Exercise materials:
"""

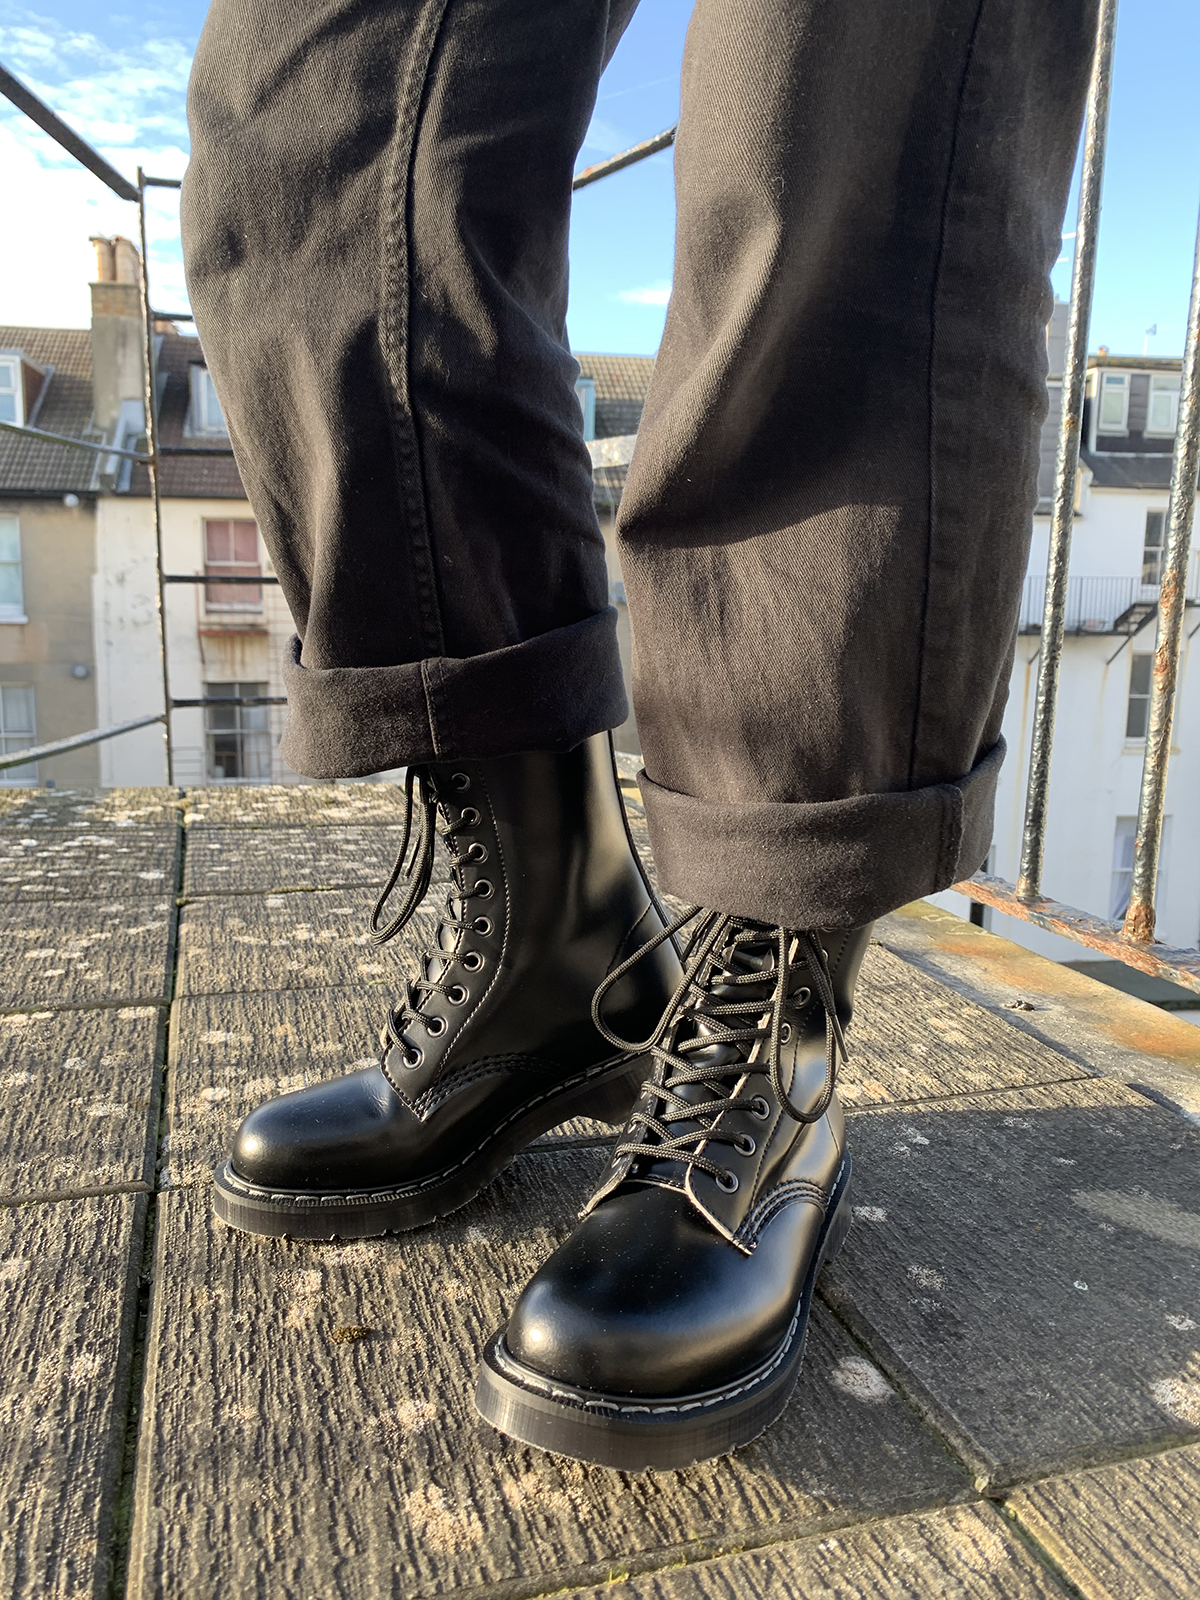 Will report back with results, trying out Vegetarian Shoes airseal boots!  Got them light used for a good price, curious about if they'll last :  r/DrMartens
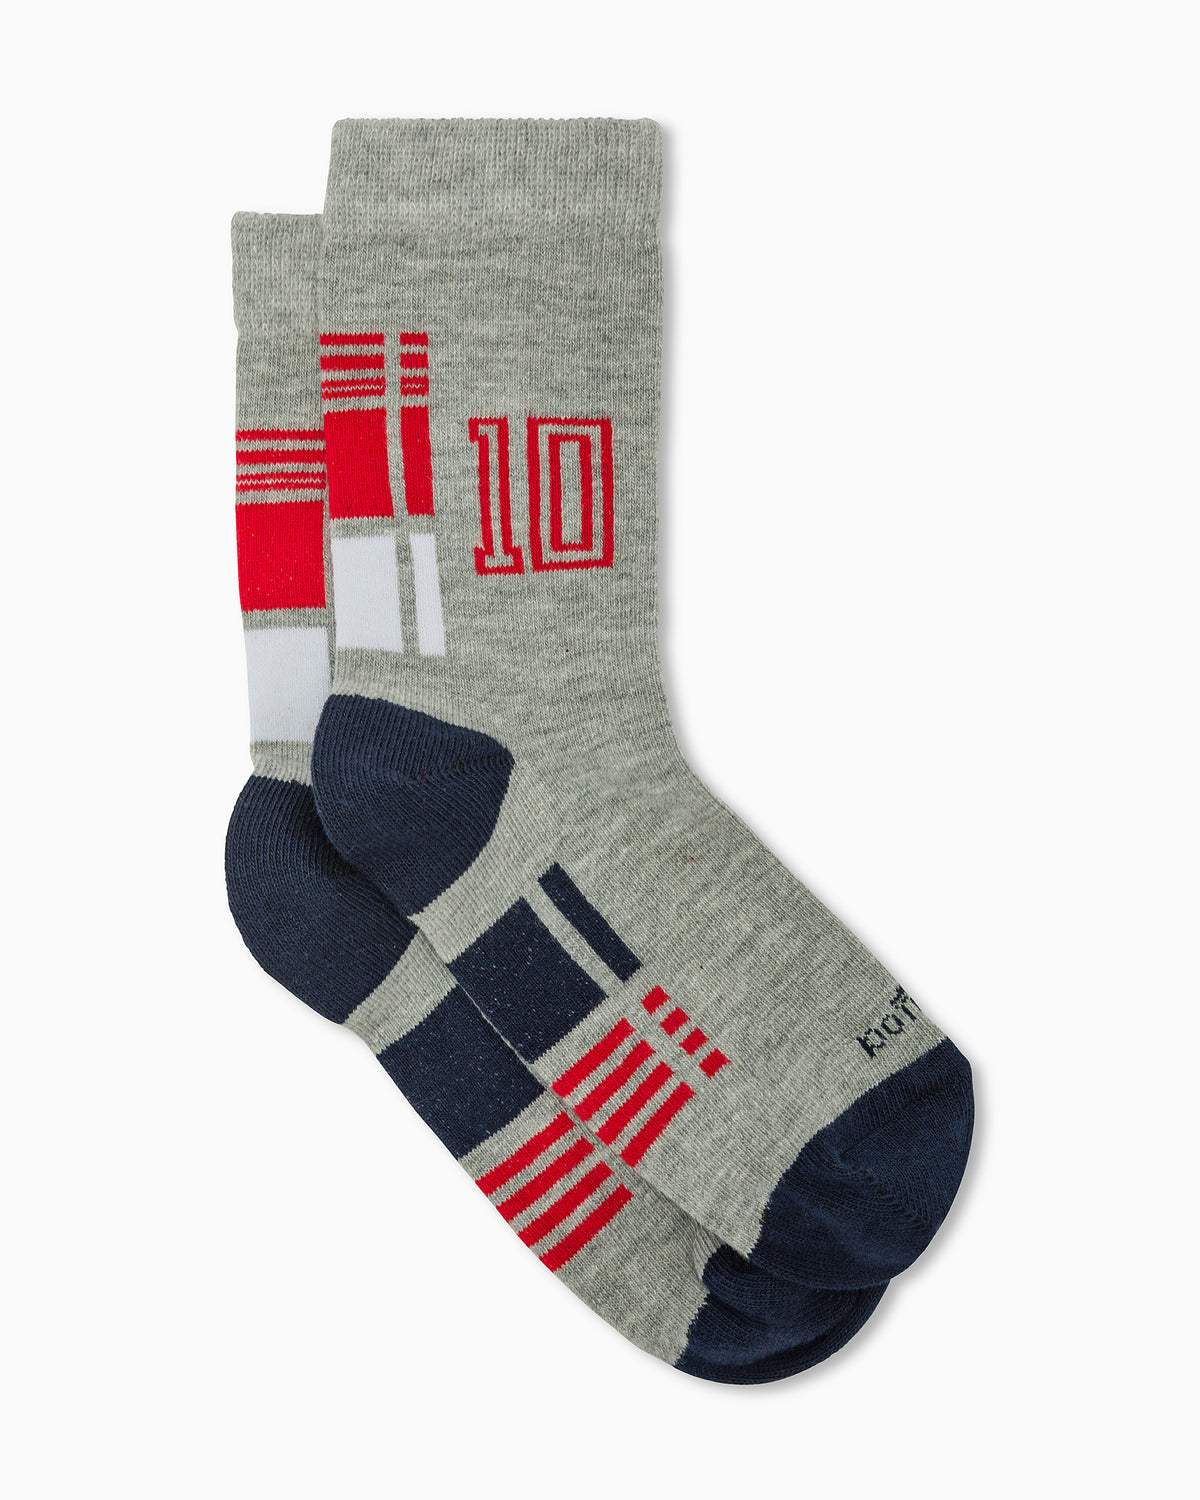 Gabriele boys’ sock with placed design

"""
"""

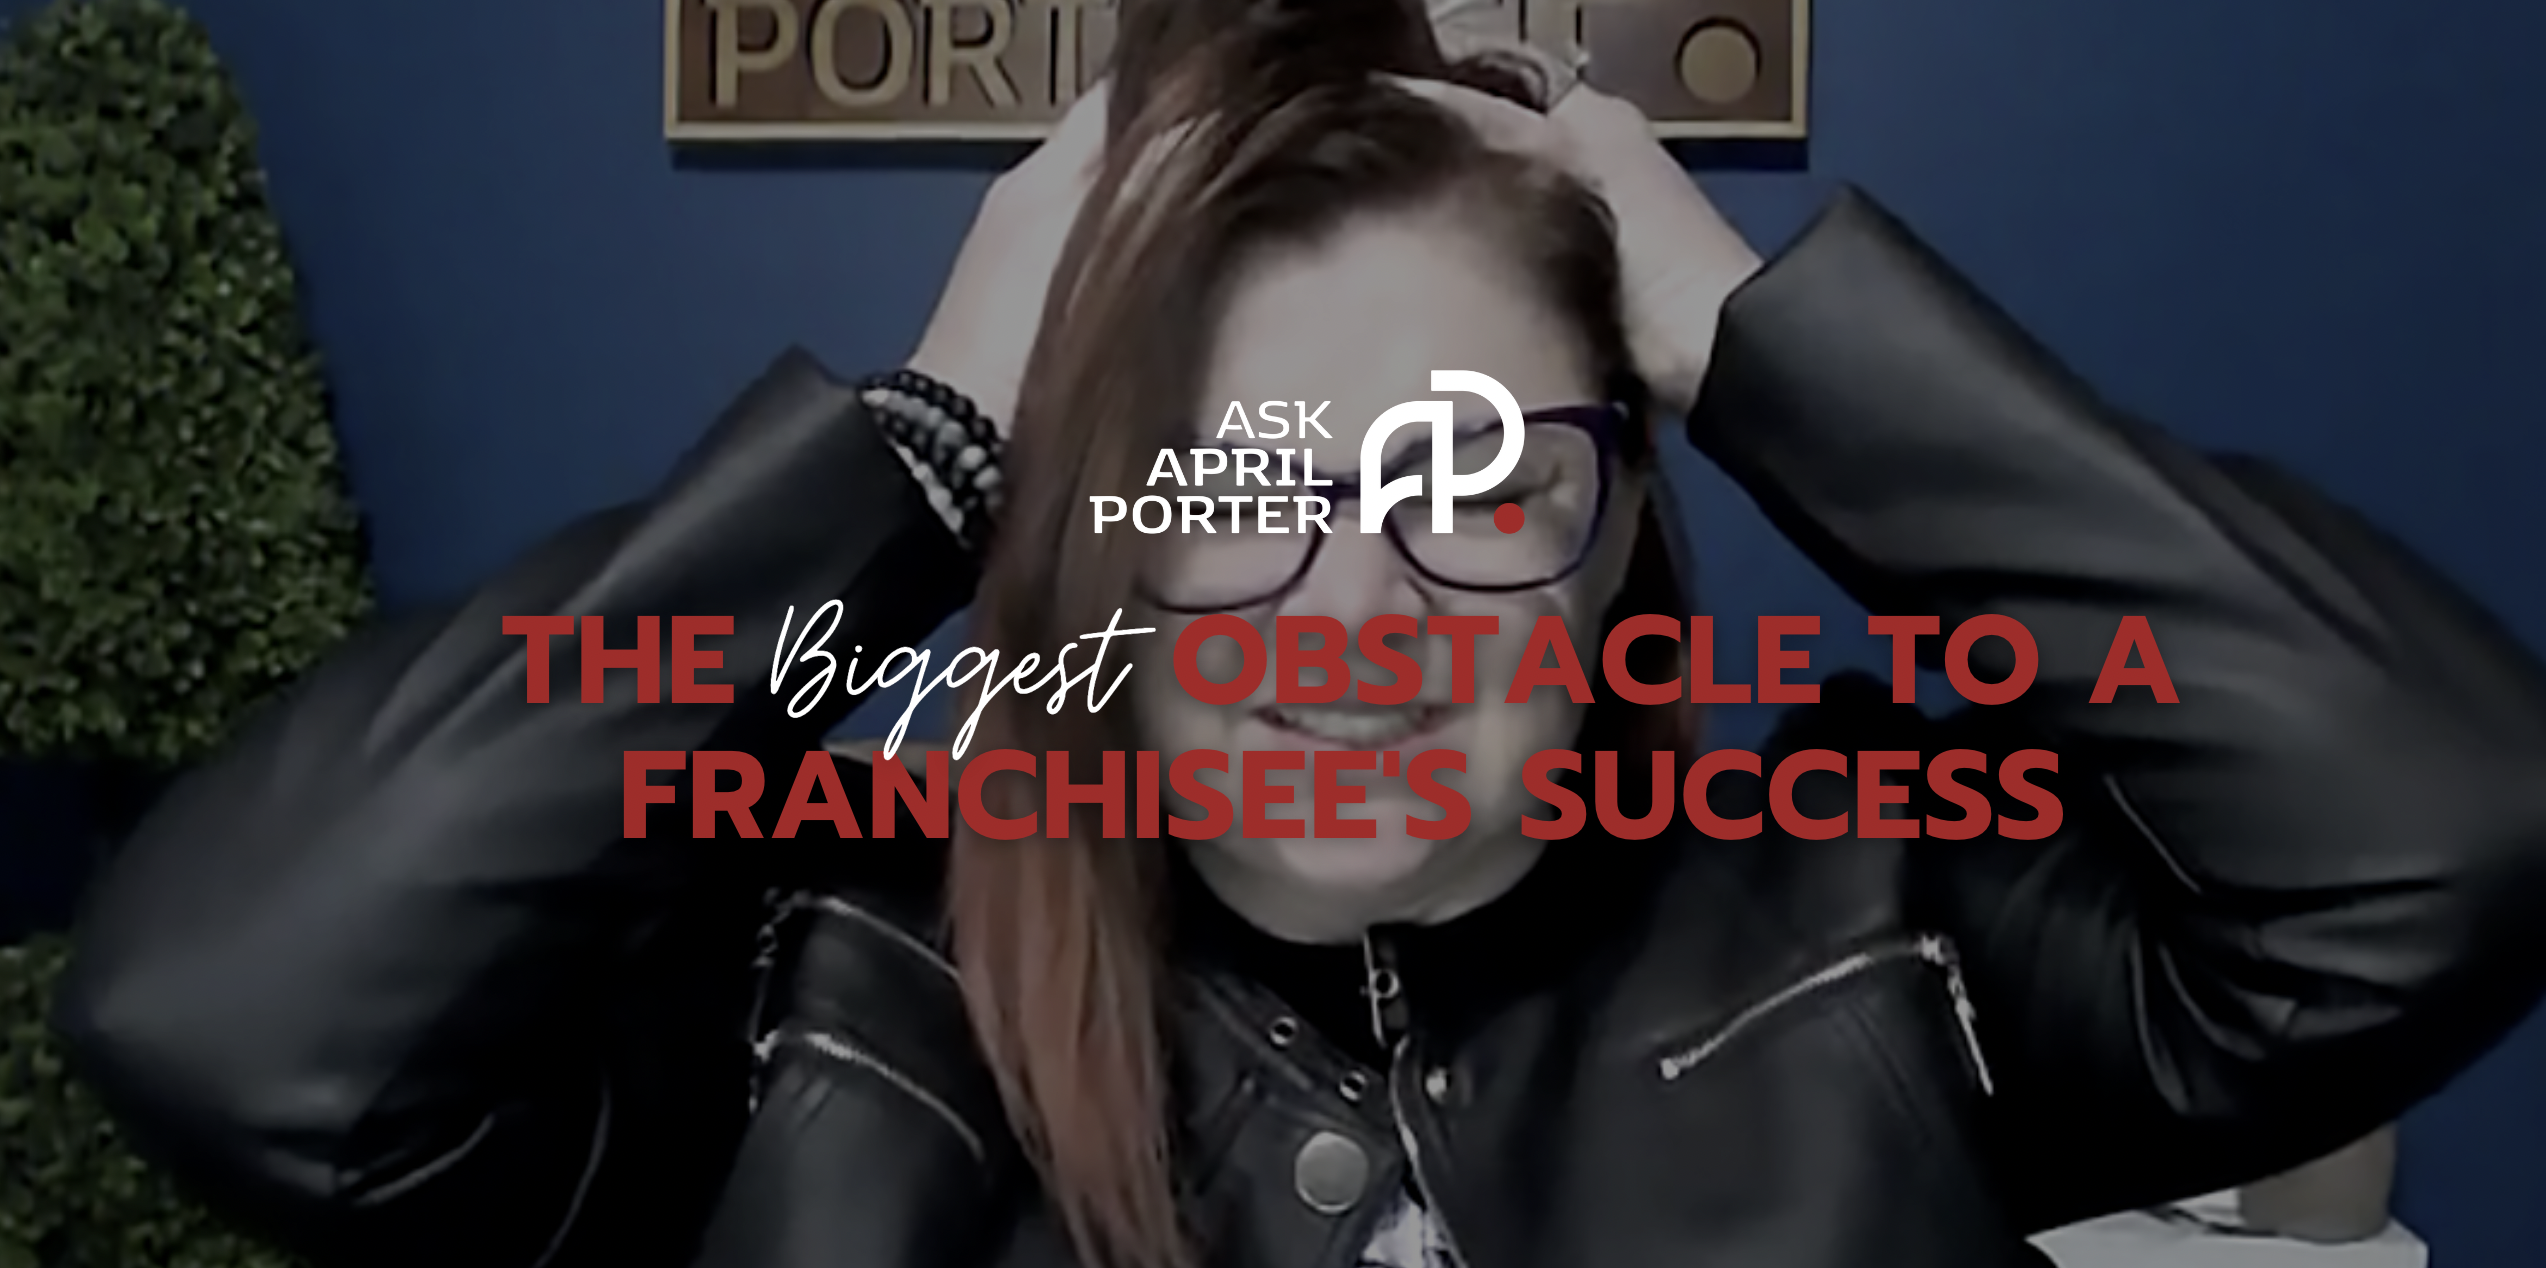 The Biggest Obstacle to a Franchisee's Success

"""

In the entries above, find the line containing "Will report back" and the line containing "Gabriele boys’ sock with placed design"; give again exactly those two lines and every line between them, minus the pictures.

 Will report back with results, trying out Vegetarian Shoes airseal boots!  Got them light used for a good price, curious about if they'll last :  r/DrMartens
 Gabriele boys’ sock with placed design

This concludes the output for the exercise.